▸ **What you need to do**
A faithful copy of the listing below is needed, one that contains no pictures.

▸ **Dataset excerpt**
◇ ◇ ◇ ◇

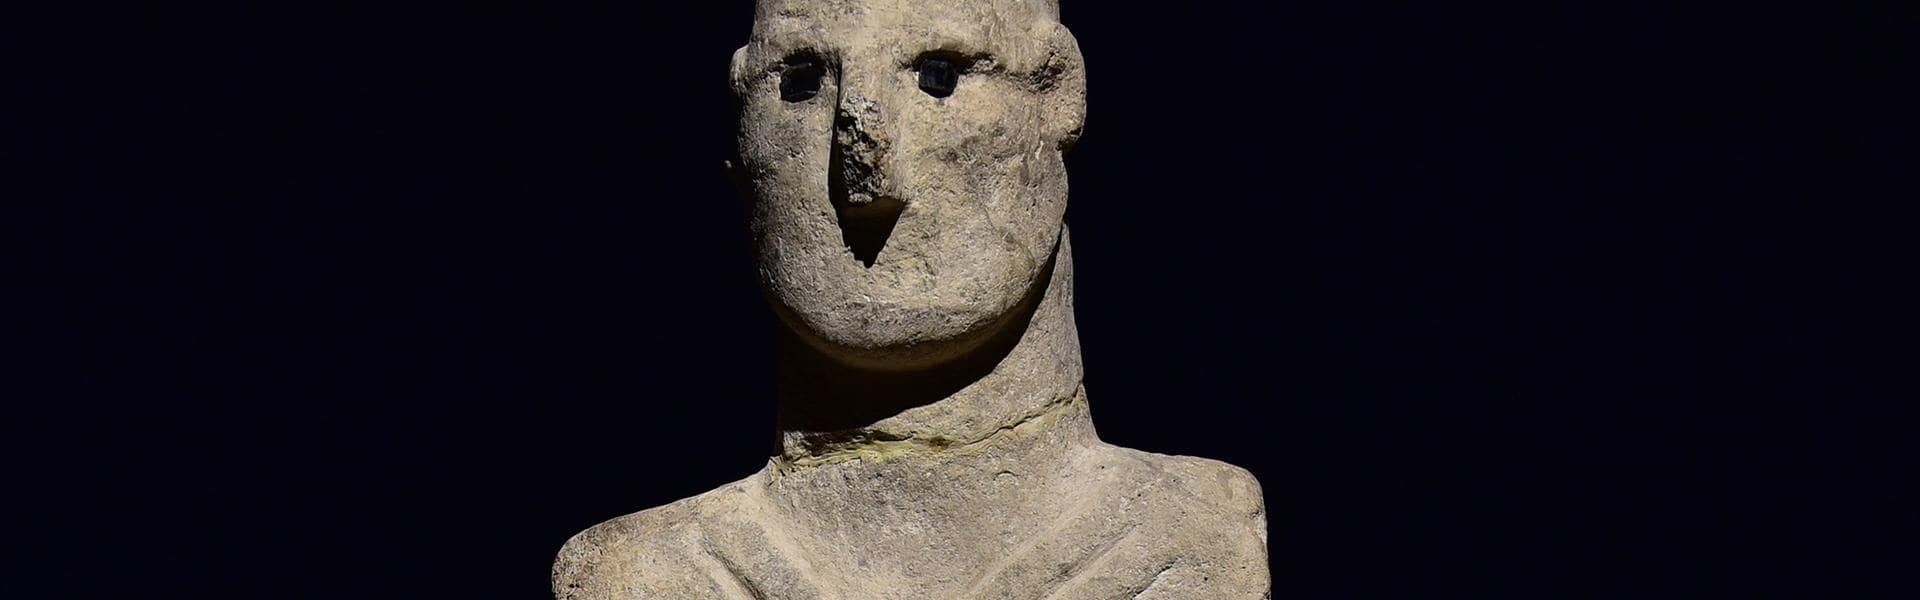 balikligol-statue-hero-image
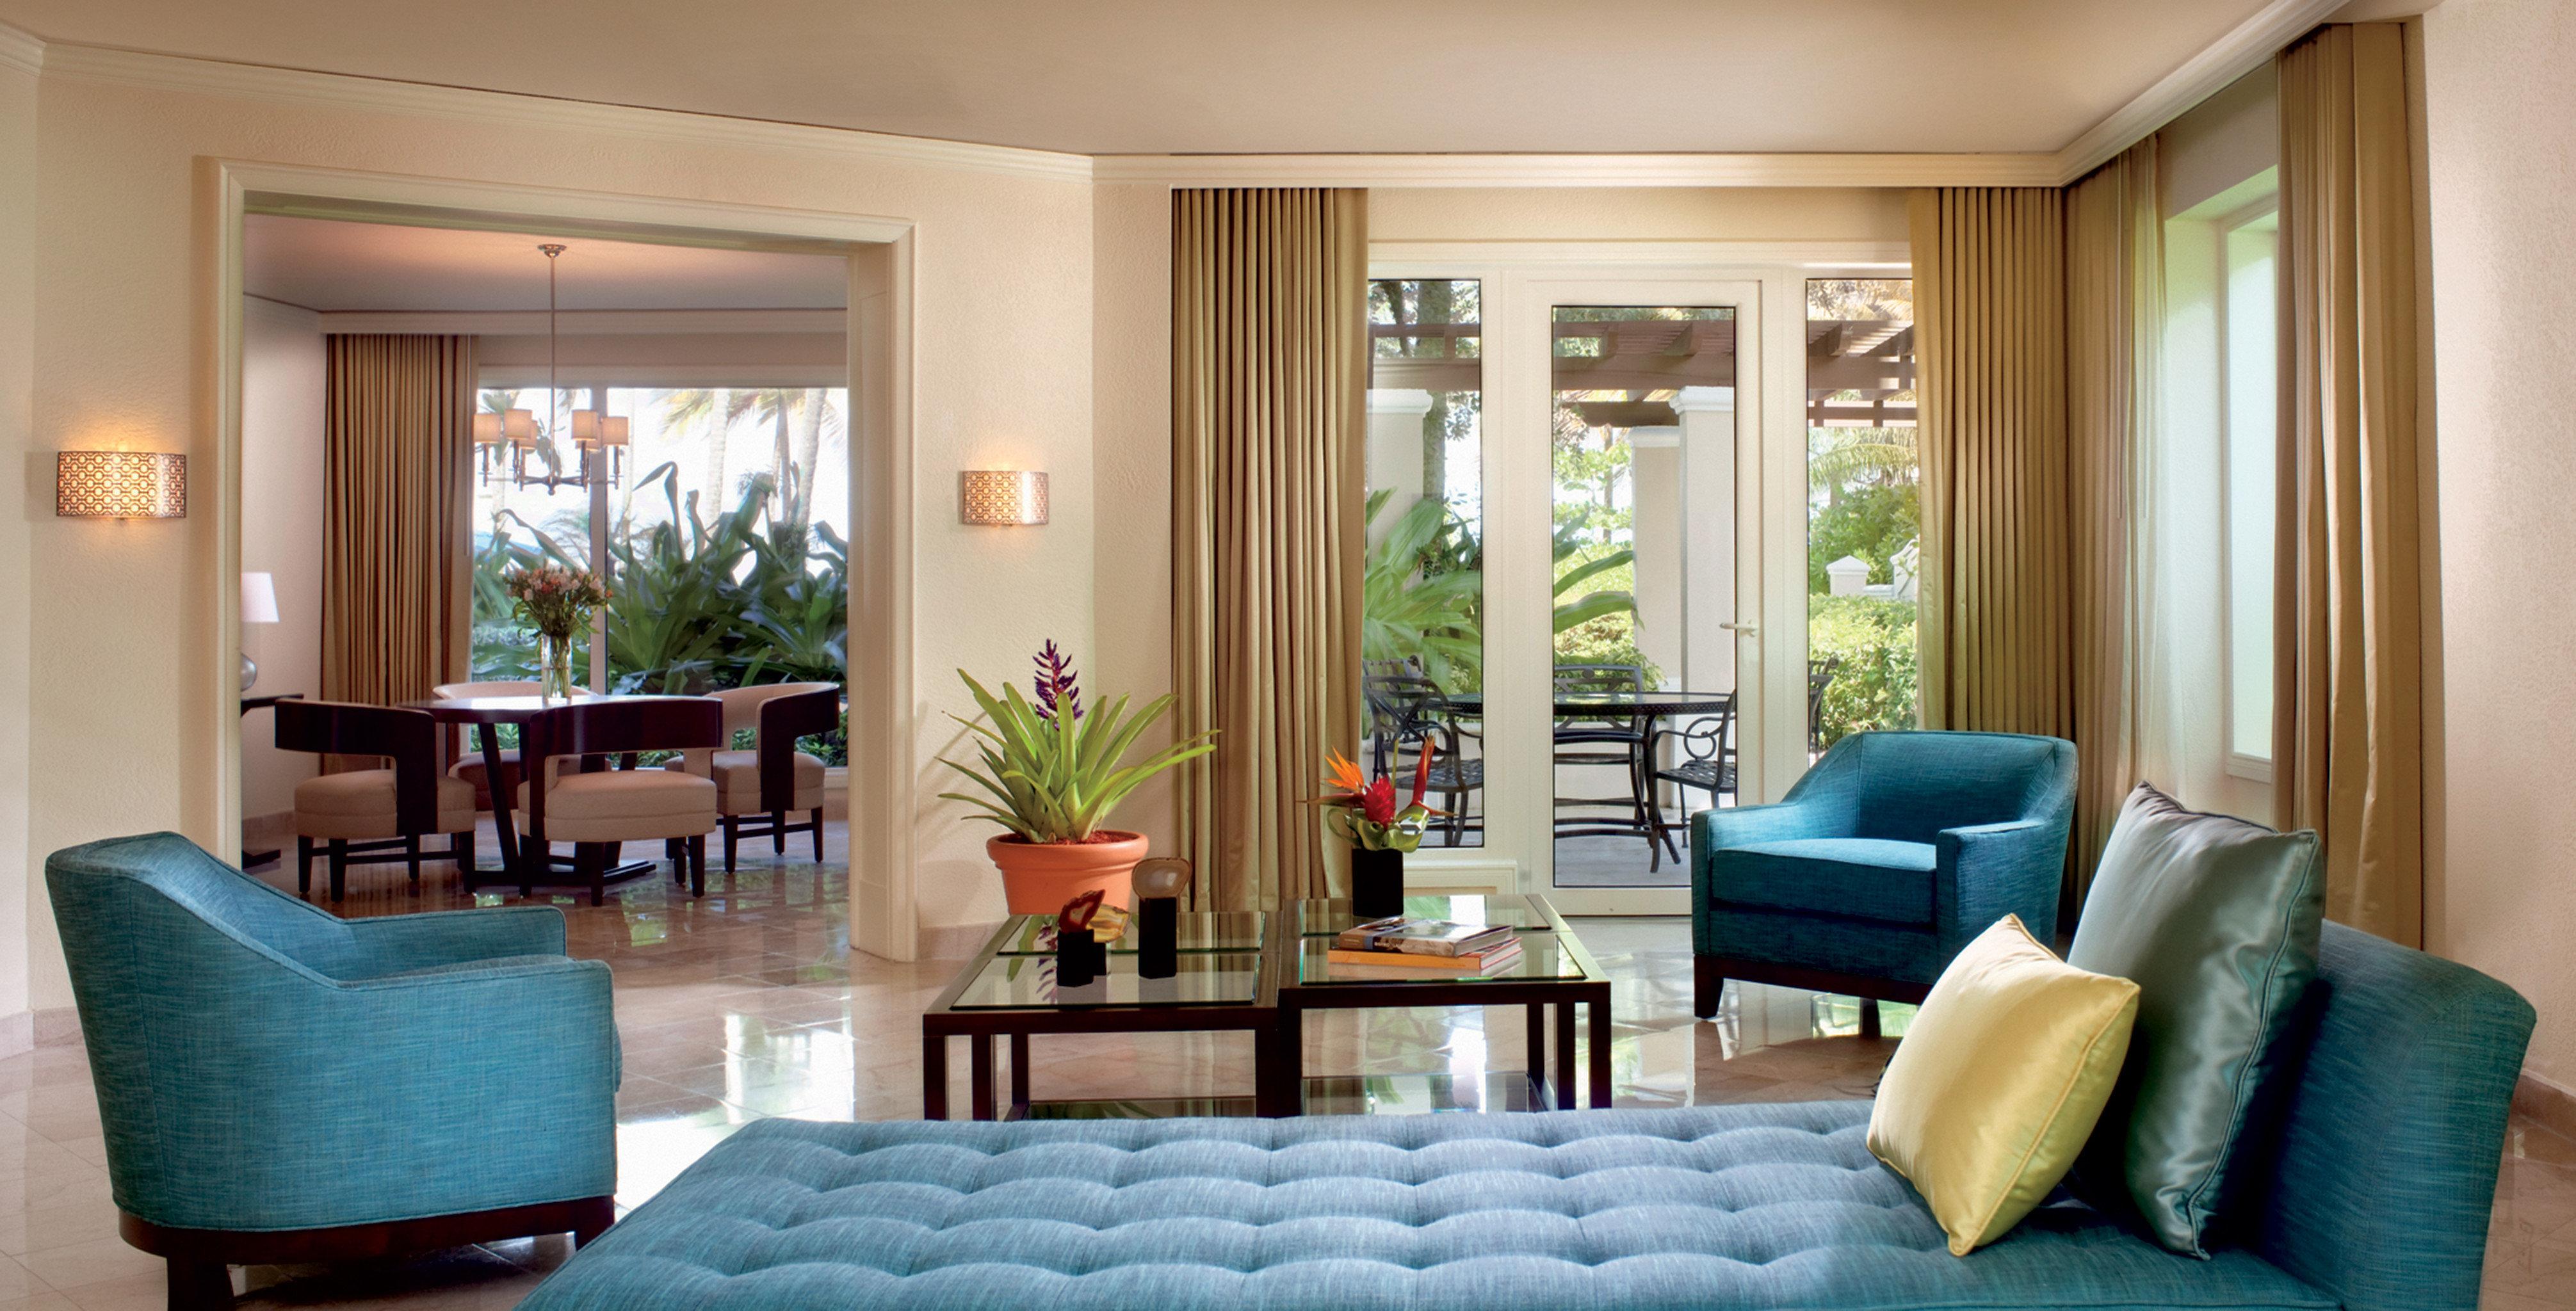 Classic Luxury Patio Resort Scenic views living room property chair condominium home Suite green Bedroom leather
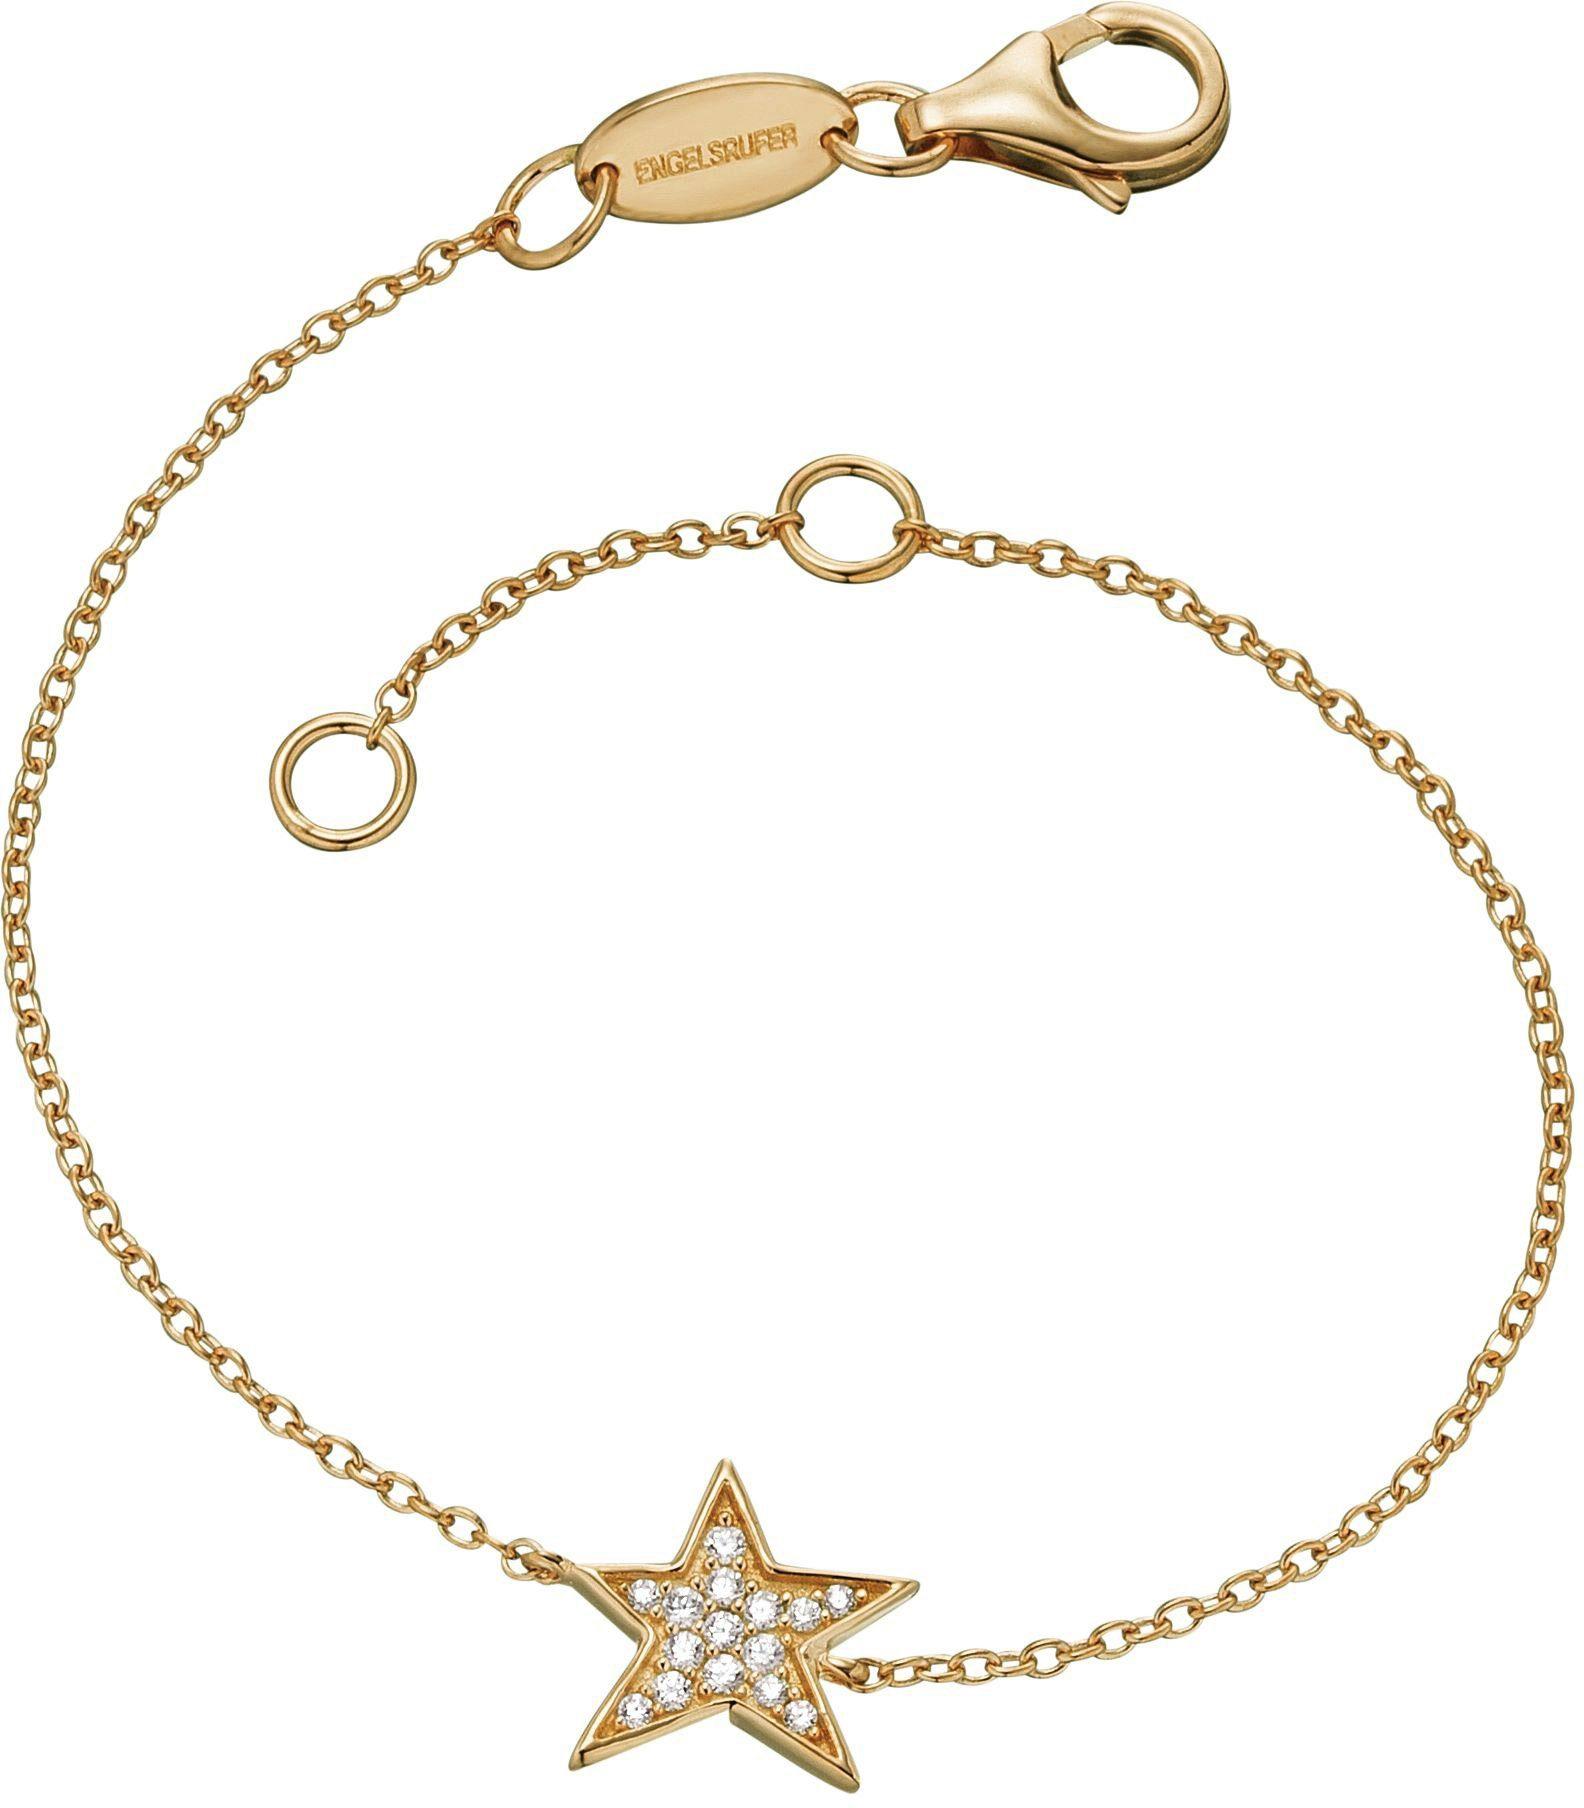 Engelsrufer Silberarmband »Little magic, ARMBAND STERN MIT ZIRKONIA GOLD PLATED, ERB-LILSTAR-ZI-G«, mit Zirkonia
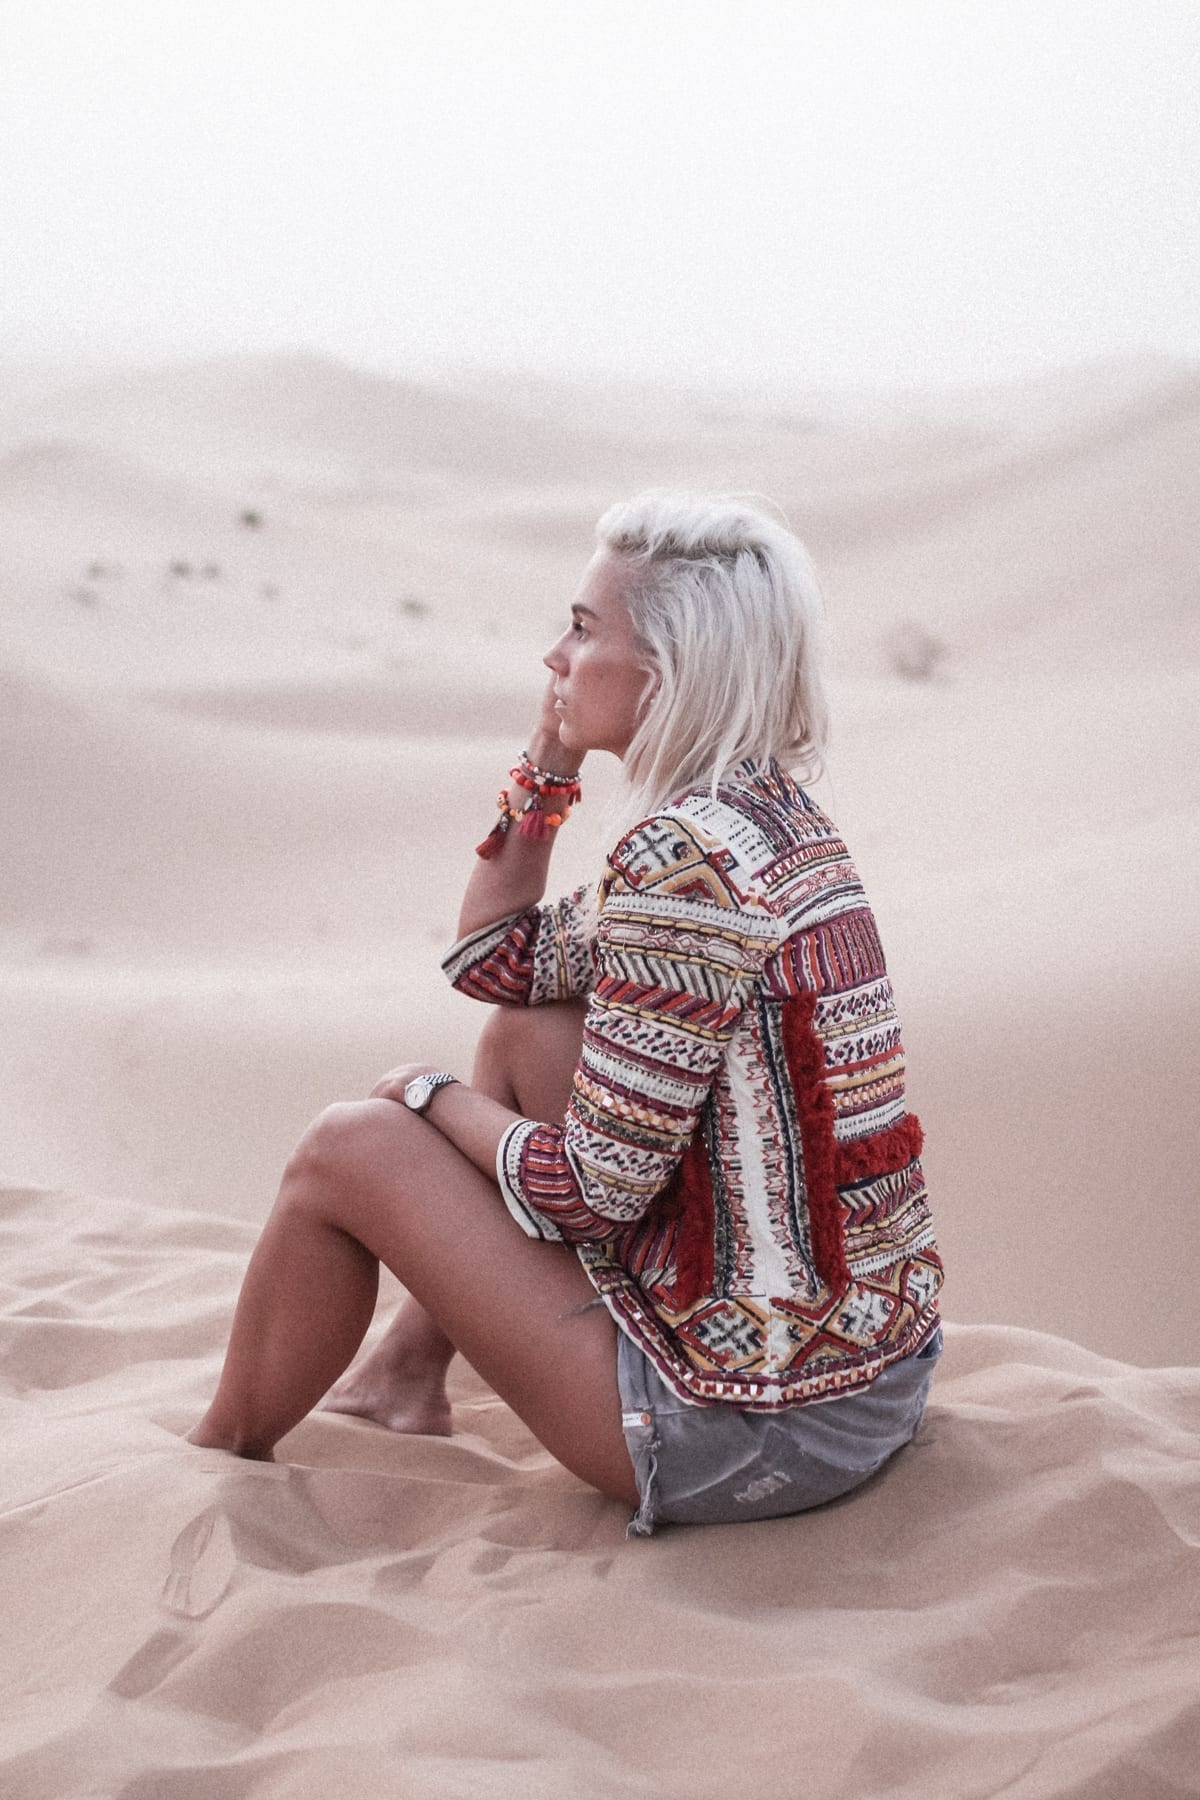 CK_1604_Constantly-K-Abu-Dhabi-desert-faschion-Shooting-5431

◇ ◇ ◇ ◇

▸ **Response**
 balikligol-statue-hero-image
 Classic Luxury Patio Resort Scenic views living room property chair condominium home Suite green Bedroom leather
 Engelsrufer Silberarmband »Little magic, ARMBAND STERN MIT ZIRKONIA GOLD PLATED, ERB-LILSTAR-ZI-G«, mit Zirkonia
 CK_1604_Constantly-K-Abu-Dhabi-desert-faschion-Shooting-5431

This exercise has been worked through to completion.